データサイエンティストより貴重な存在 マーケターが担うべき「データエグゼキューター」の役割とは

 オンラインとオフラインを統合したマーケティングの最適化が必要だといわれて久しいが、実践するハードルは依然として高い。しかし、それを支援するデータ分析ソリューションも出てきており、徐々に環境が整ってきている。広告運用のトレーディングデスクを手がけるエスワンオーインタラクティブの高瀬大輔氏と、マーケター向けのデータ分析ツール「マゼラン」を手がけるサイカの平尾喜昭氏が、データ分析の発展で変わるマーケティングの潮流について語り合った。

広告効果の「部分最適化」が起きていないか

――エスワンオーインタラクティブとサイカの両社は、業務提携を結んで2年以上になるそうですね。まず、サイカが提供する「マゼラン」について、どういったツールなのか紹介いただけますか?
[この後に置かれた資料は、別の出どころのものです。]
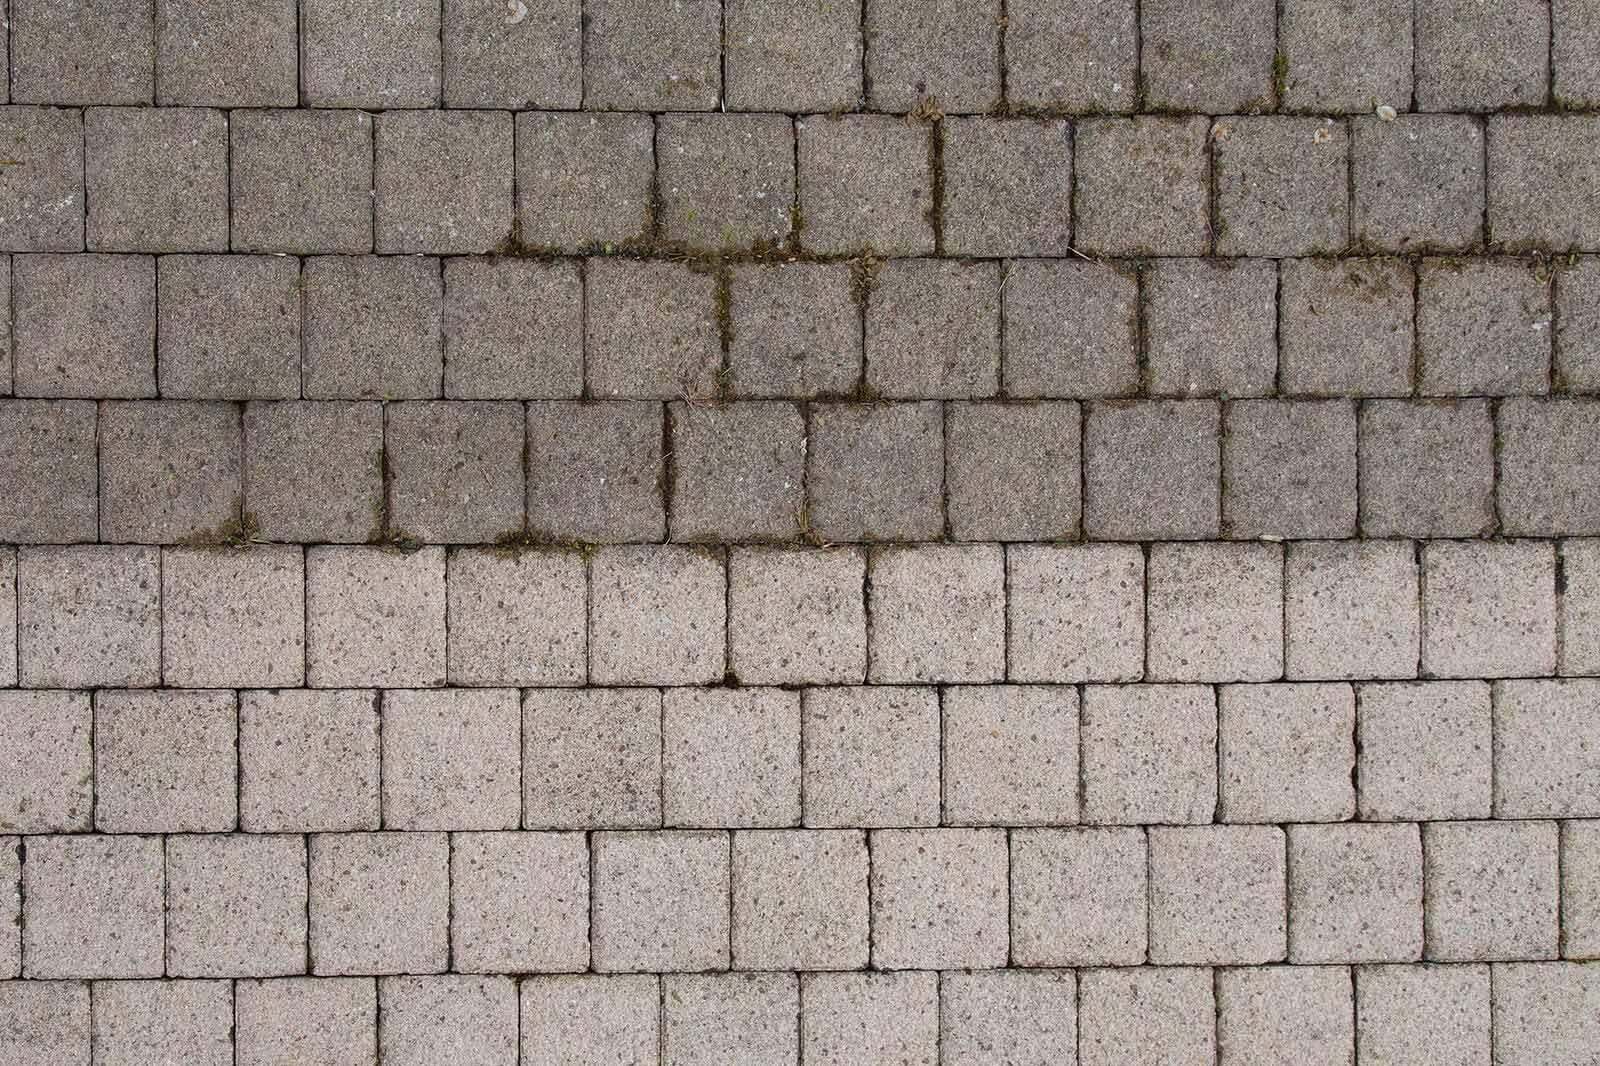 How to Clean Bricks and Masonry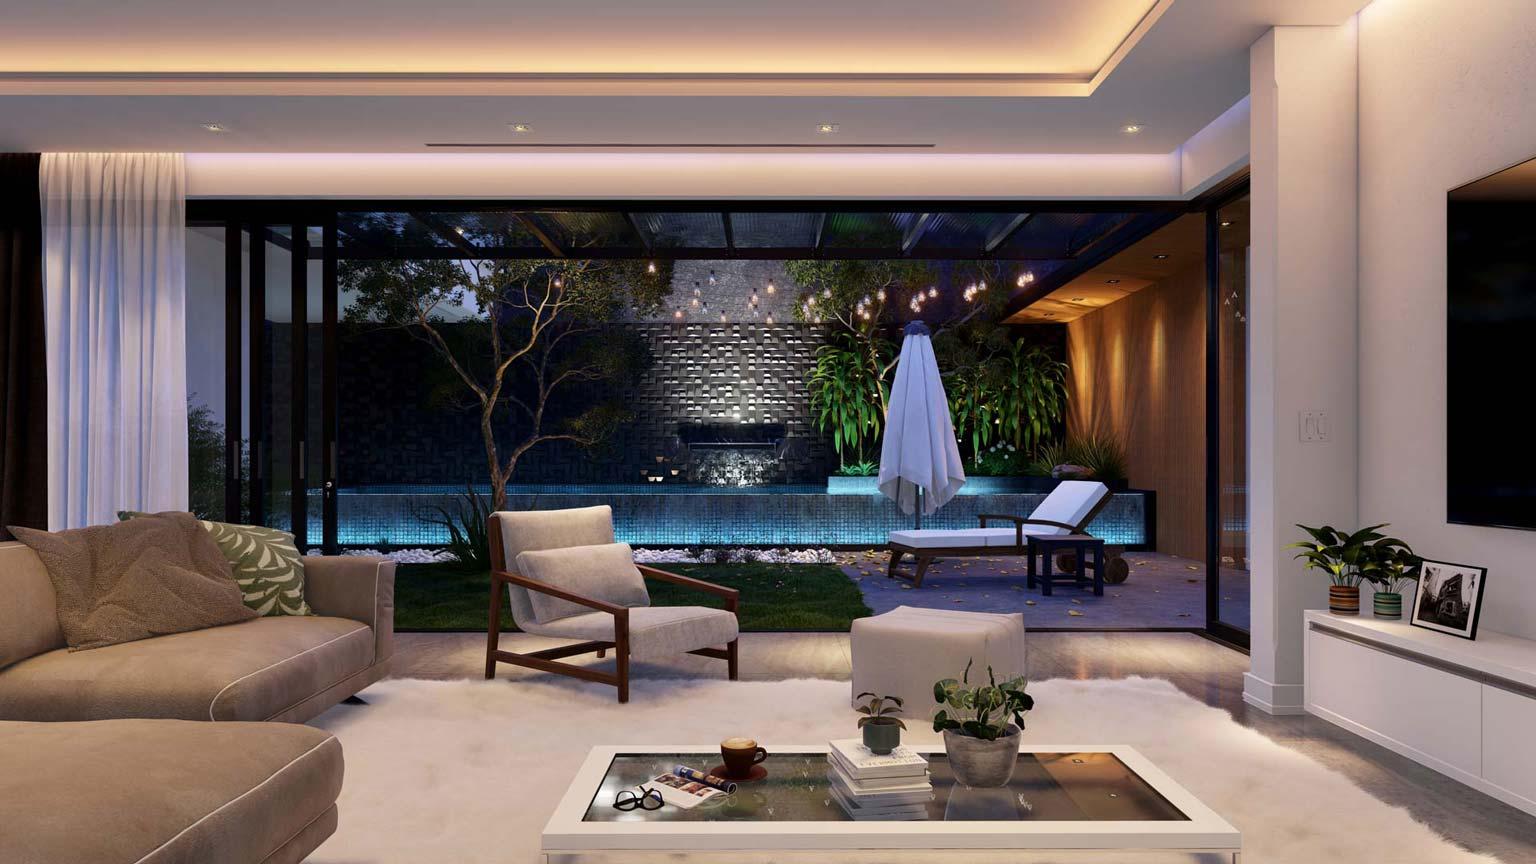 Residential-interior-1536x864_Lumion10

平尾:マゼランとはひとことでいうと「統合マーケティングシミュレーター」で、デバイスを越えた施策間のつながり、および最適な予算配分がわかることが特徴です。天気や株価や競合の出稿といった施策外の要因も踏まえて、オンラインの施策とオフラインの施策を分析し、成果に対して何が寄与しているのかを分析します。

左からエスワンオーインタラクティブ 高瀬大輔氏、サイカ 平尾喜昭氏

左からエスワンオーインタラクティブ 高瀬大輔氏、サイカ 平尾喜昭氏

高瀬:もともとサイカは統計分析のコンサルティングやツール開発をされていたそうですが、マゼランのようなマーケティングツールを開発した動機をうかがえますか?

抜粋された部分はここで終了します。